Non-capacitive, non-conductive, carbon based paste. No cure or set time. No evaporation, so there's no need to reapply every year or so, and the tube doesn't go 'stale'. Installation is the good 'ol pea or center blob method. All of the top pastes are within a degree or two of each other, and the installation is FAR more important than the brand of paste being used, but this is the one that I pick.
 
MX-4 is very good.
Without overclock MX-2 would also be fine.
Gelid Extreme is perhaps better, if microcenter has it, and you want a paste that did very well in comparison testing.
Second, application is as important as paste.

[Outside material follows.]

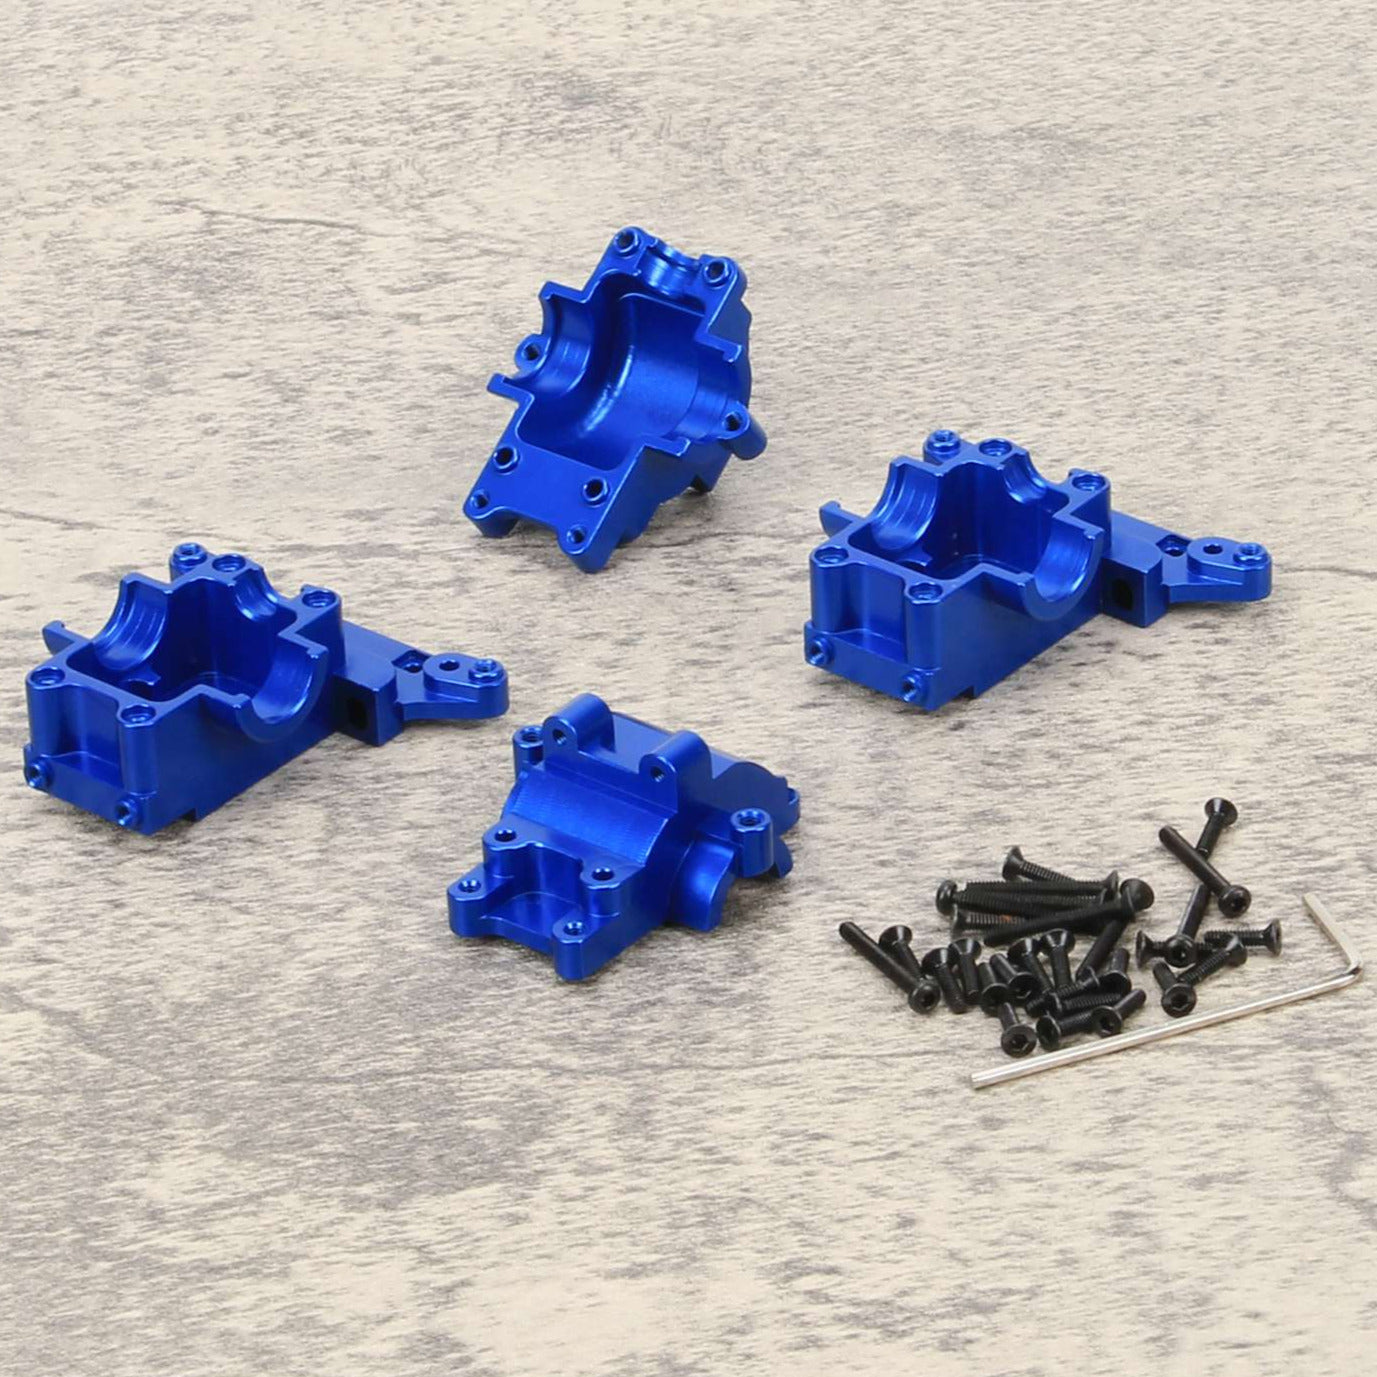 RCAWD REDCAT GEN8 Blue / Two Set RCAWD Alloy Differential Housing for 1/18 Traxxas Upgrade Parts

What heatsink are you using?
 
2 of the best TIM in the market.. Shin Etsu G751 and Noctua NT-H1.. both extremely easy to spread.. no cure time, no conductive..
 
The heatsink will be the stock intel cooler for now(not very exciting, I know). I am building the pc this week. the processor will be a i5 4760 or 4790.
I hate looking at heatsinks because there are just so many to choose from. figured I would just use the stock intel heatsink and decide if the performance is good or bad enough that I need to get an aftermarket cooler.
 
If you're not overclocking (and you won't be using the stock cooler) just use what's already on there. Worry about a special paste if you replace the stock cooler.
 
Very true. I would assume the paste with the stock heatsink is enough to get the job done. As long as they didn't go super cheap on it
 
Very true. I would assume the paste with the stock heatsink is enough to get the job done. As long as they didn't go super cheap on it

They probably did, but it doesn't matter, even the highend vs the OEM used stuff, is only going to be a degree or two, with only the more exotic metal based TIMs beating that out, proper application with good coverage without over use and not inducing air bubbles are far bigger factors over the paste itself, I have a box of probably 20 different TIMs I have used, all were within the range of error for me, which is 1-2C, only liquid pro beat that, by pulling a solid 8C ahead, but only on a lapped IHS and HS, without them being lapped, it was maybe 2-3C over the best normal TIM.